Not Without Some Reservations
Many variegated plants are mutants or so-called “sports”, meaning a genetic mistake has occurred that affects the plant’s green pigment. In the case of white and cream mutations, it’s decreased production of chlorophyll (the molecule vital to photosynthesis that absorbs sunlight to produce the plant’s food and green color). This makes them attractive to slugs and snails and subject to foliar sunburn, dry-out and hail damage. Remedies include relocating the plants to more favorable sites and investigating slug-control methods. Also, learn how to propagate your own plant favorites to ensure you have replacements on hand.
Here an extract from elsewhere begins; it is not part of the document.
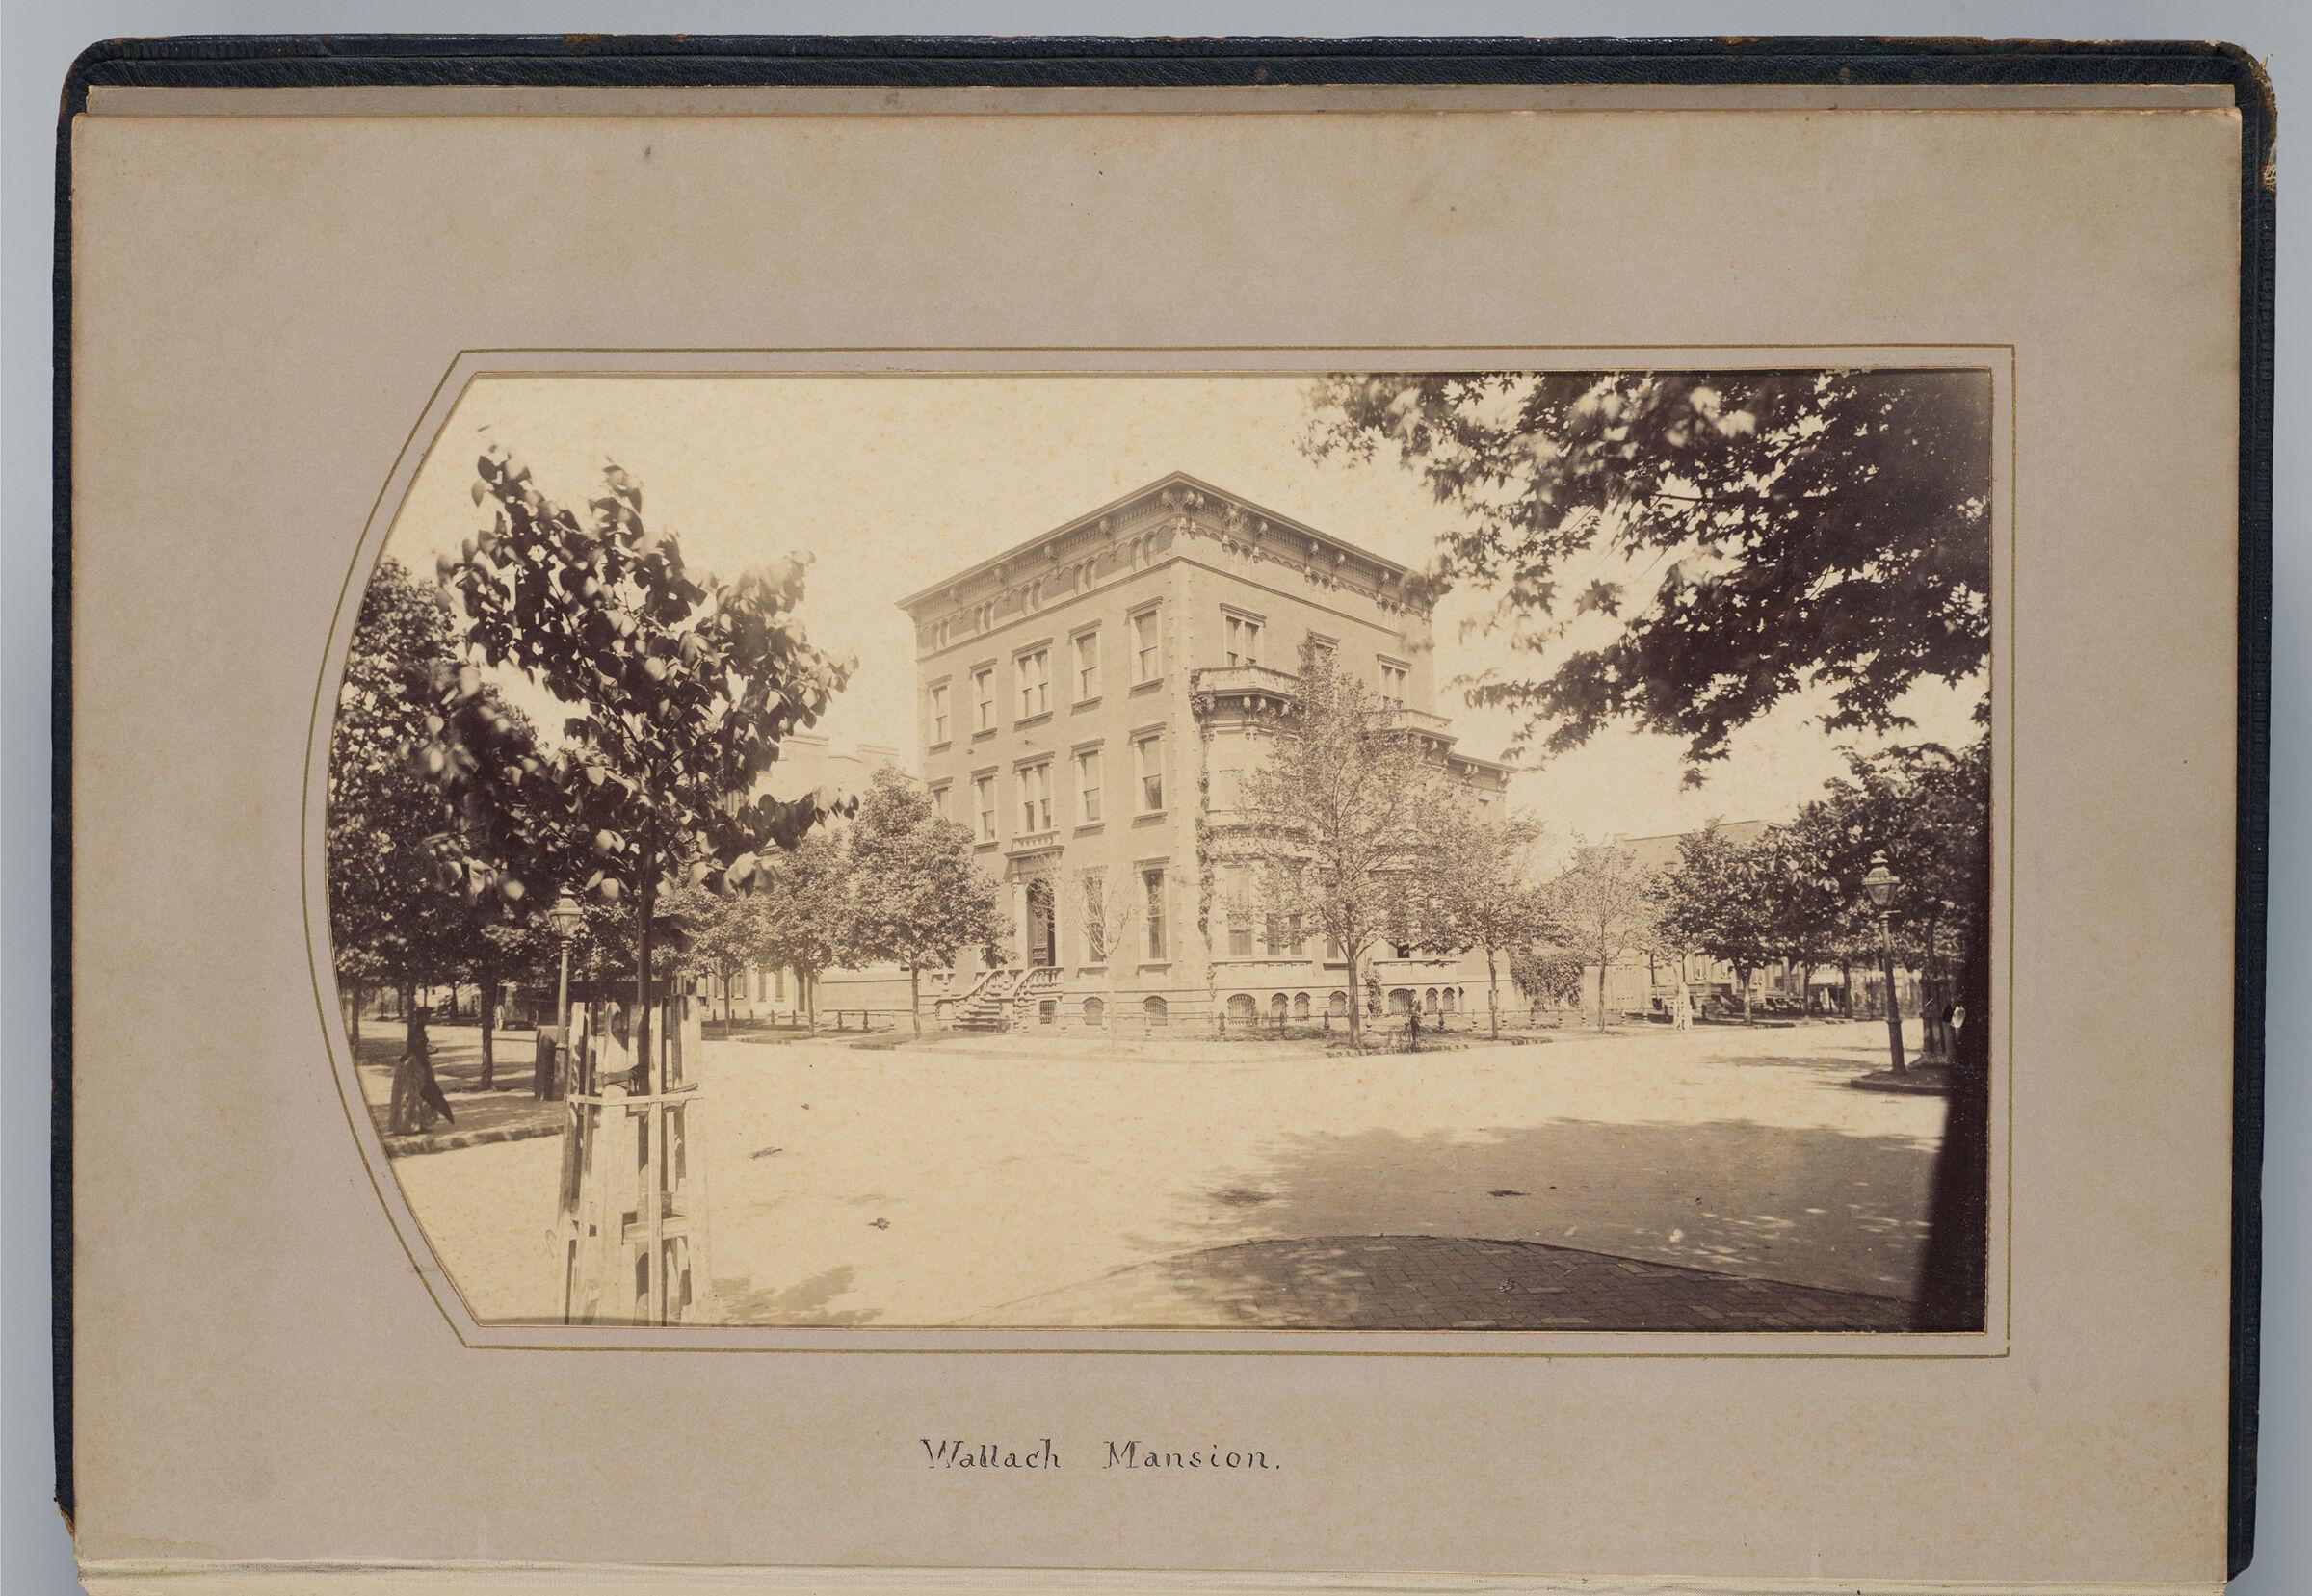 Wallach Mansion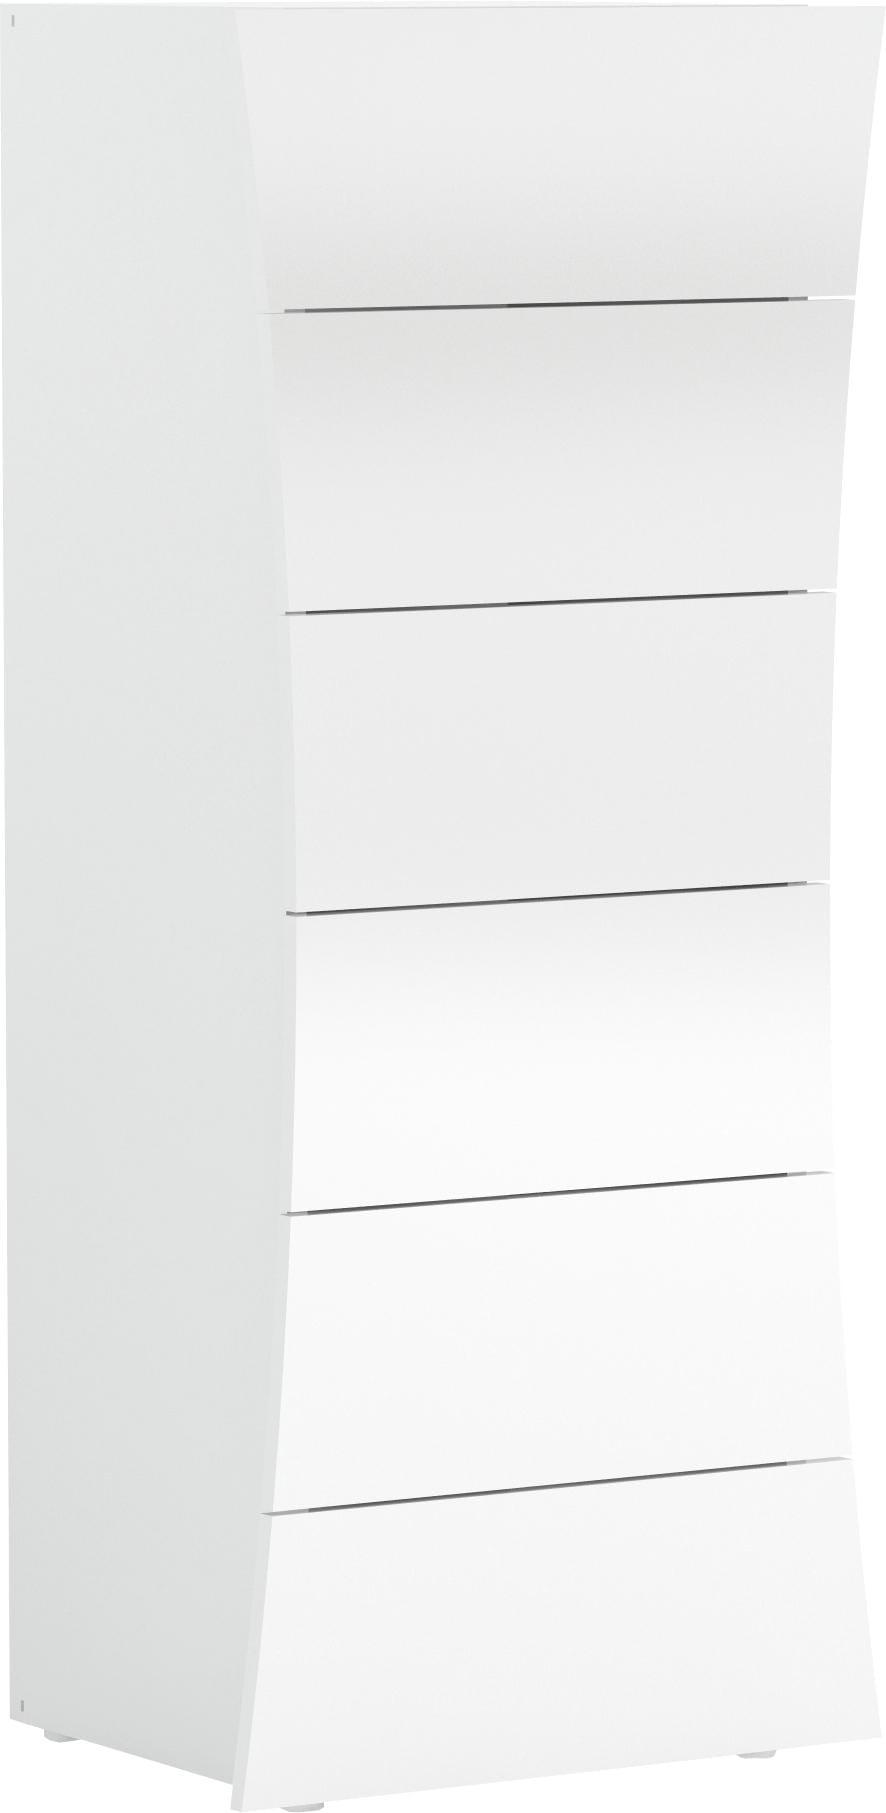 Kommode Arco Breite 50 cm

Variegation can also be the result of a variety of viral diseases, environmental stresses or mineral deficiencies (for example, yellowing due to lack of iron and magnesium). Sometimes these mutants and environmentally-altered plants can exhibit changing variegations and even reversion to their species’ original colors. I have experienced this, which is most disappointing considering its effect on your garden’s design. If you detect changes, simply remove the offender. My friend Marnie Wright, who supplied the photos for this article, has many variegated plants in her Bracebridge, Ontario, garden. She advises carefully checking plant labels and nursery catalogs to determine which plants may change their colors throughout the growing season.
The yellow and green leaves of yellow flag iris (Iris pseudacorus ‘Variegata’) are variegated in spring and turn all green during the summer.